In Norway, improving adolescents’ food habits is a national policy goal [31]. Substantial efforts have been made to change the consumption patterns of Norwegian teenagers, who are among the lowest fruit and vegetable consumers in Europe [32] and high consumers of sweetened beverages [33]. Various initiatives, such as information campaigns, school text pamphlets, television and radio announcements and advertisements, have been employed by the national Nutritional Council, often in close collaboration with other organizations and agencies. In order to reach students across all SES groups, several national and regional educational interventions targeting students’ food habits have been trialed in Norwegian schools [34]’[37]. There has been a systematic prioritization of providing fruit and vegetables at schools [38] and in sport halls, and sugar-free mineral water has replaced sugar-added soft drink in vending machines in the vast majority of public schools [34]. Also the grocery industry has been proactive in its marketing of fruit and vegetables, and some grocers reduced the prices of fruit and vegetable by waiving the taxes on fruit and vegetables in 2007, rather than passing them to the consumers. In 2007, a nationwide free (not parent-funded) school fruit program was implemented in all Norwegian secondary schools (grades 8’10) and all combined schools (grades 1’10) in 2007. This is possibly the most comprehensive and costly (230 million NKR/27 million Euro in 2011) initiative targeting Norwegian adolescents’ consumption of fruit and vegetables, and it provides all children in lower secondary schools and combined schools with a free piece of fruit or a carrot every day. Marketing of sweets and beverages to young people is strictly prohibited in Norway [39],[40] and the government has moreover imposed the world’s highest economic fees on soft drink and other non-alcoholic beverages.
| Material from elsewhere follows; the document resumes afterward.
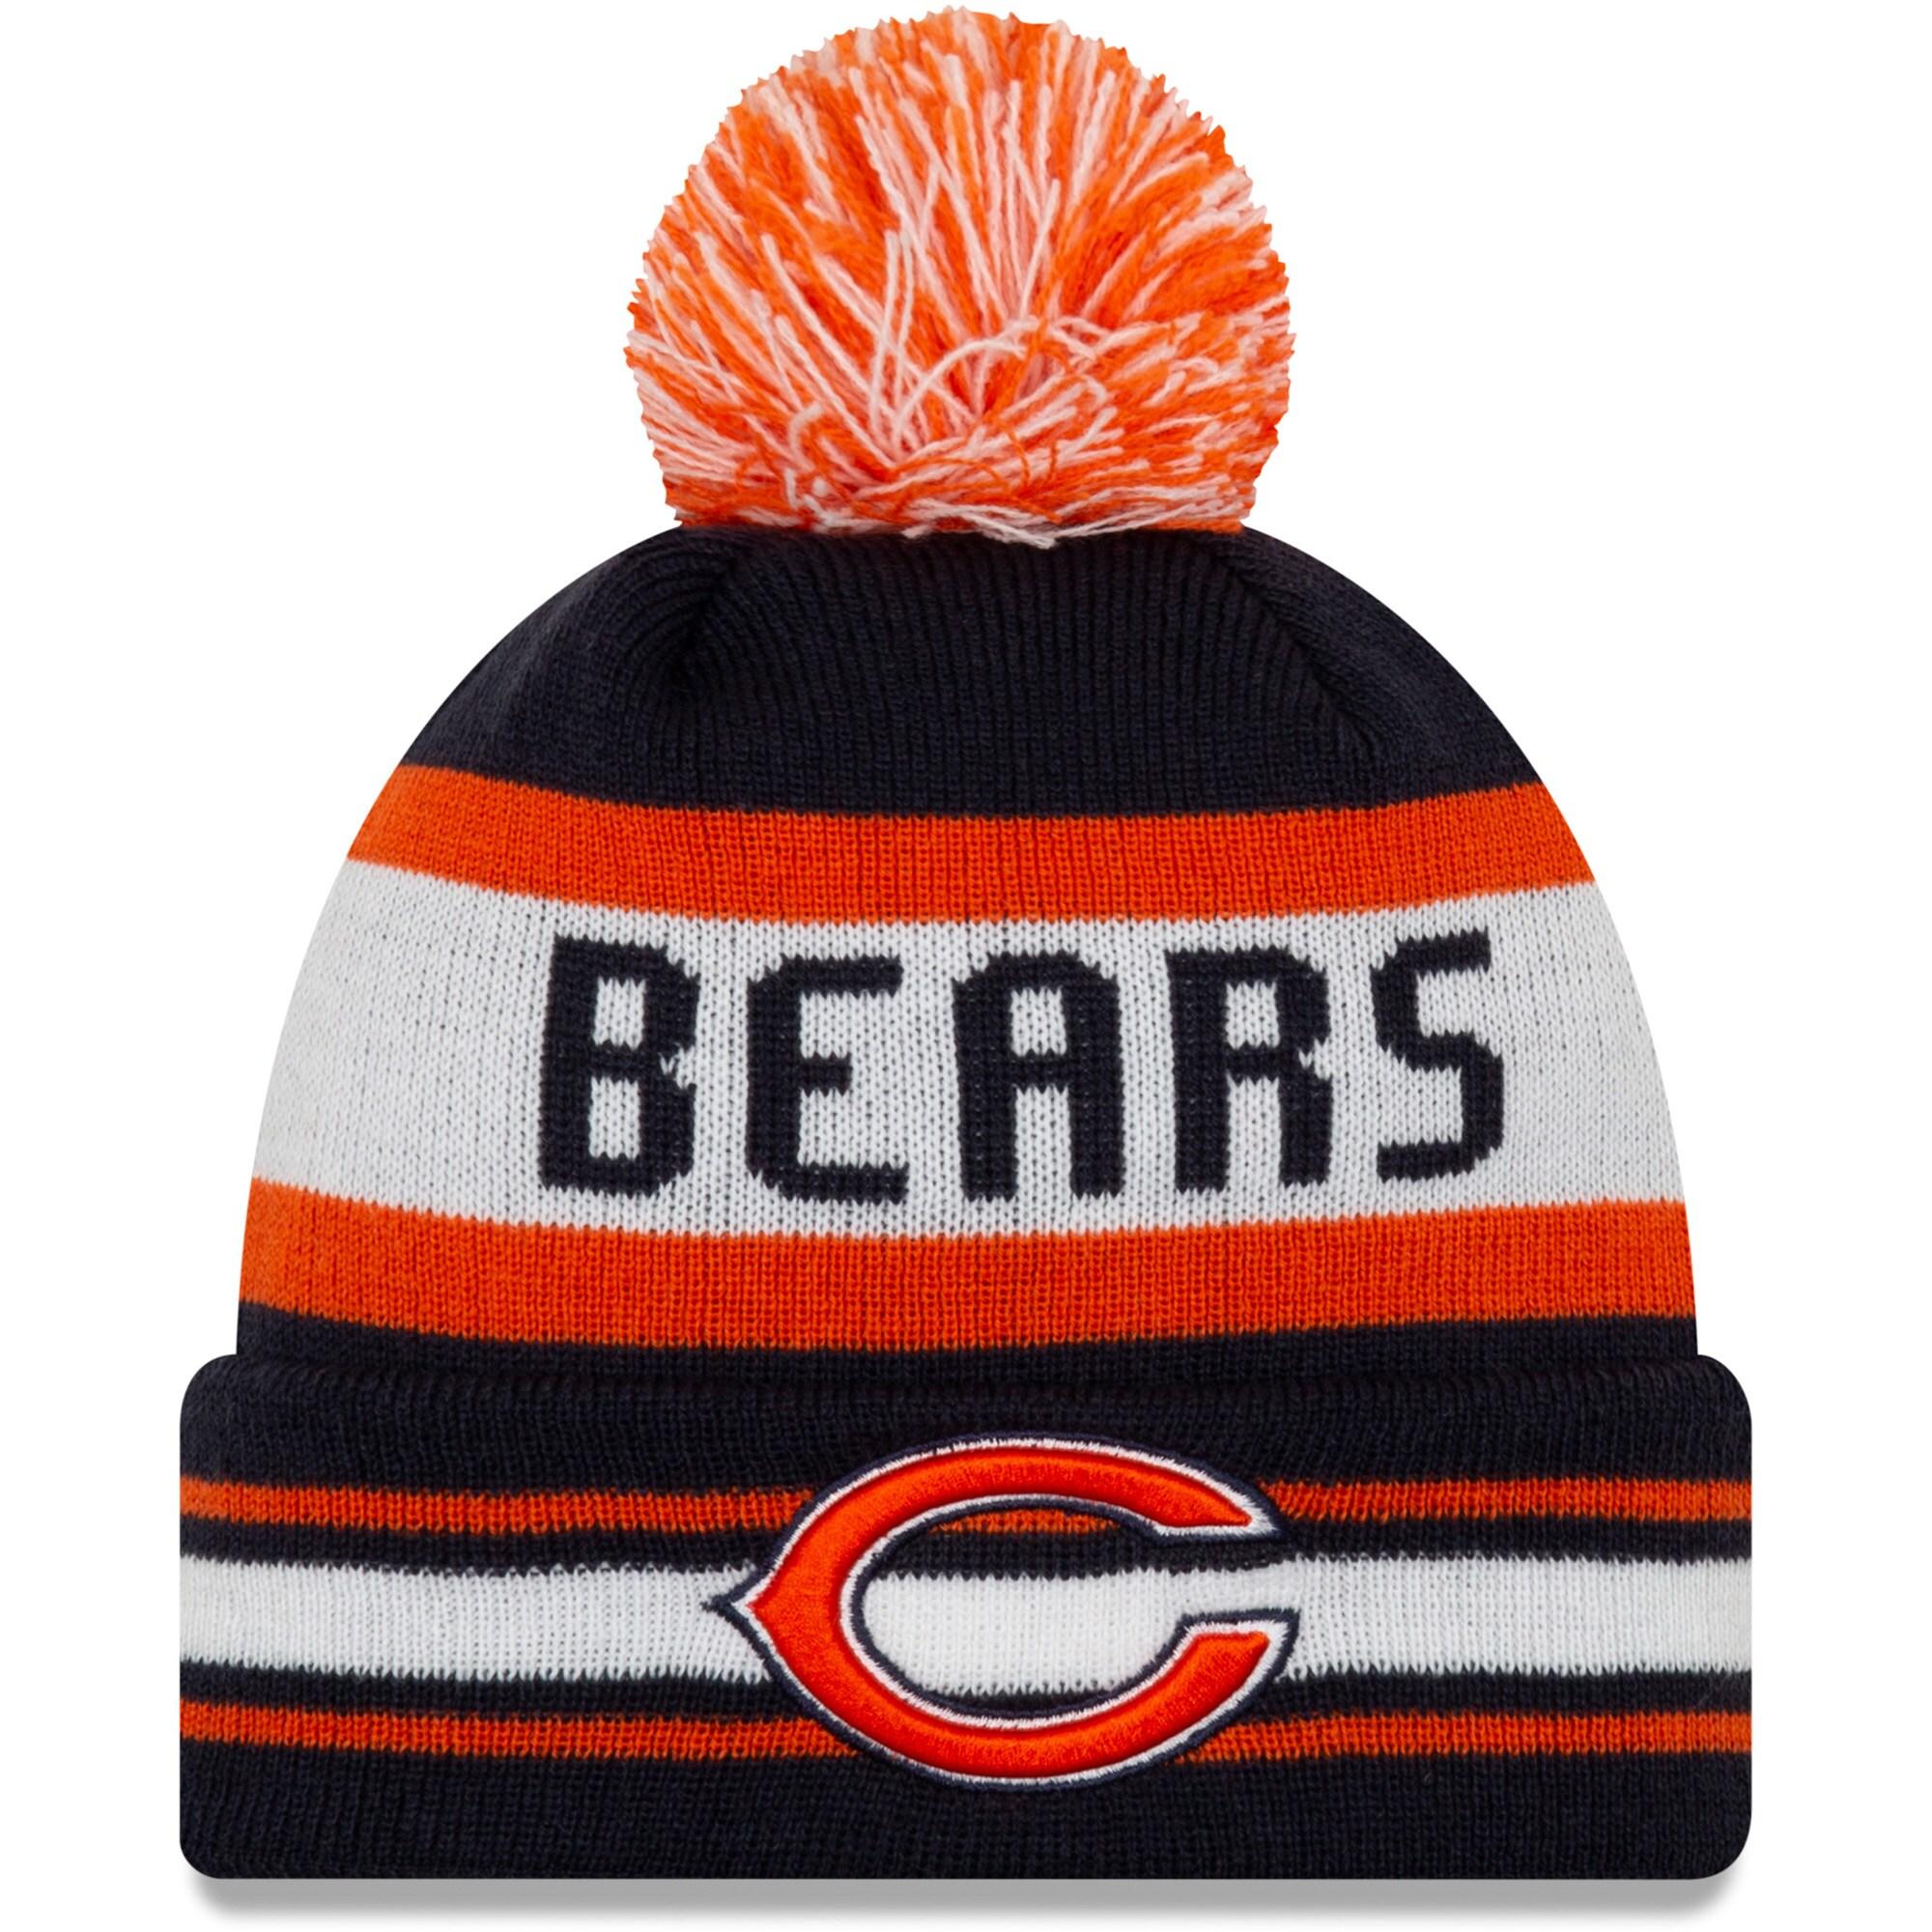 Chicago Bears New Era Jake Striped Cuffed Knit Hat with Pom - Navy
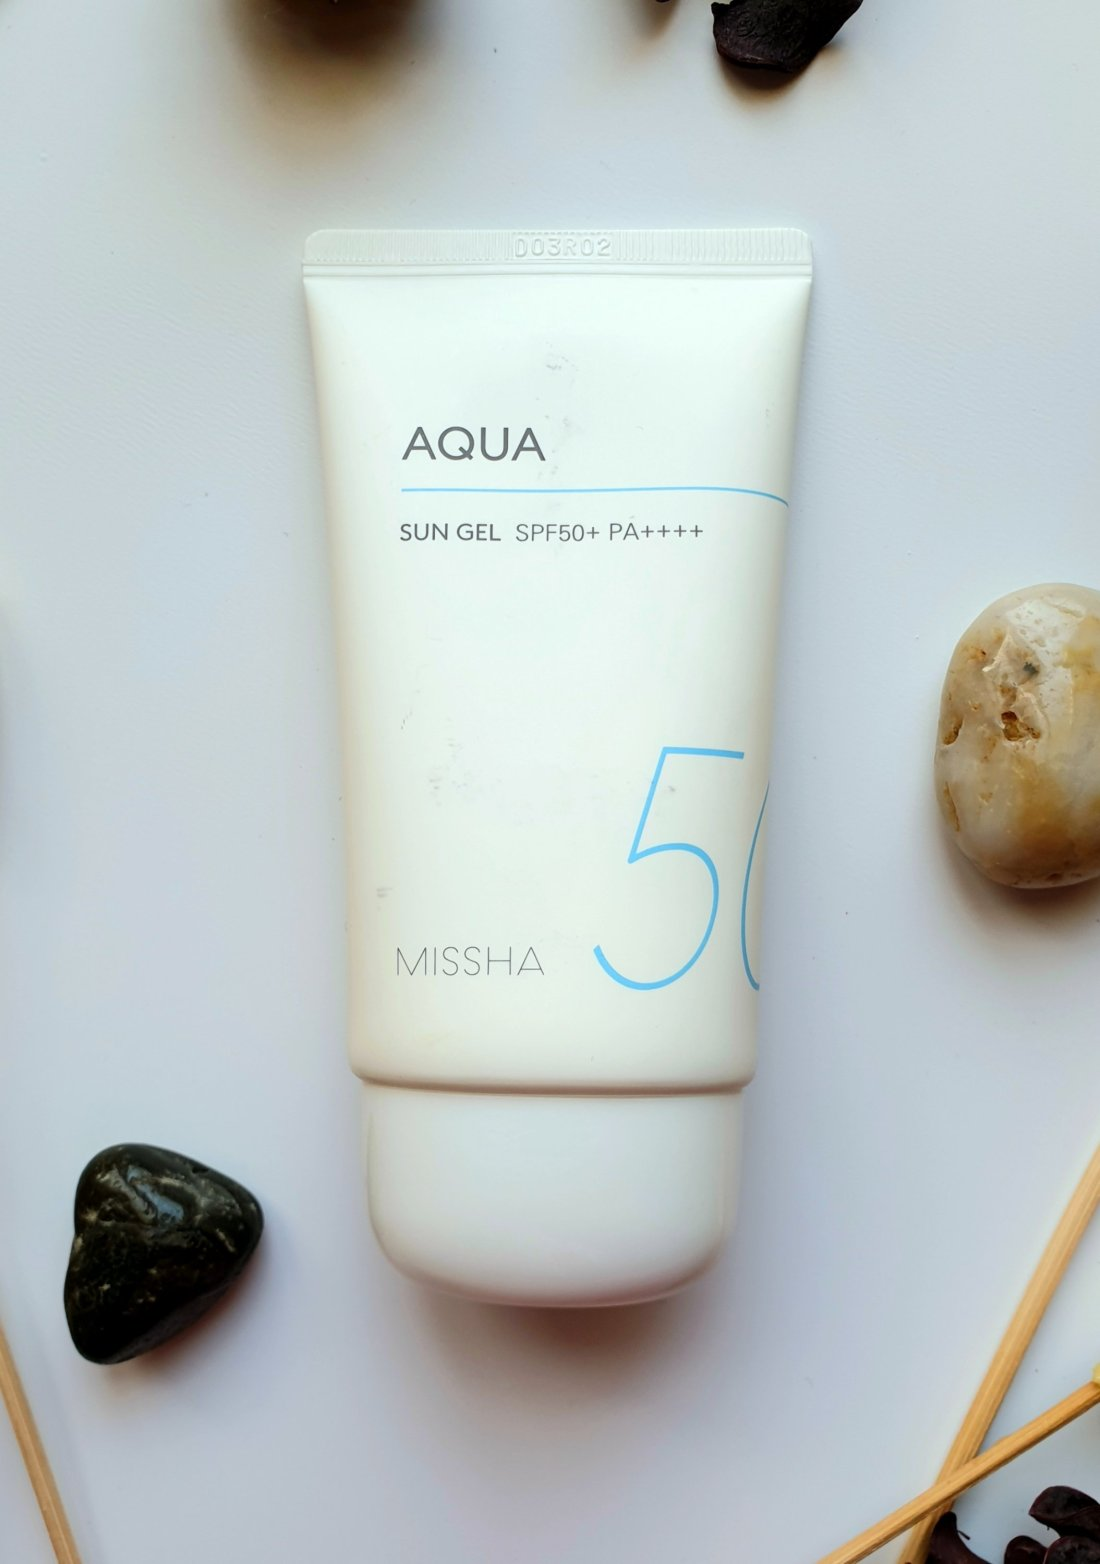 Image result for missha aqua sun gel myskincareregime

Despite all the attention devoted to adolescents’ food habits in both Norway and other European countries [41],[42], few internationally published studies have evaluated nutrition policies and educational campaigns aimed at teenagers. Moreover, few studies have reported trends in young people’s consumption of fruit, vegetables and sugar-rich products such as sweets and soft drinks. The number of studies that report on the development of dietary inequalities is even more limited. Studies of trends in adolescents’ food habits are highly relevant for the evaluation of nutrition policies and dietary interventions, as well as for assessing the need for further initiatives aimed at improving and equalizing eating habits. Such studies are of international interest because they provide knowledge about how policies and interventions influence teenagers’ food habits. Studies of food habits should moreover measure different items individually. Combining fruit and vegetable intake as a single measurement, for example, does not facilitate assessments of whether consumption is meeting the recommendations for fruit and for vegetables individually. As the determinants of fruit intake and vegetable intake may differ, interventions may be more beneficial if tailored specifically for fruit and for vegetable consumption, separately. Moreover, the effects of SES have been shown to vary among food items [25],[28],[43]. Different food items should therefore be studied individually, in terms of both intake recommendations and socio-economic inequality. Differentiation between specific foods is needed to examine individual trends separately and to follow the social gradient more accurately.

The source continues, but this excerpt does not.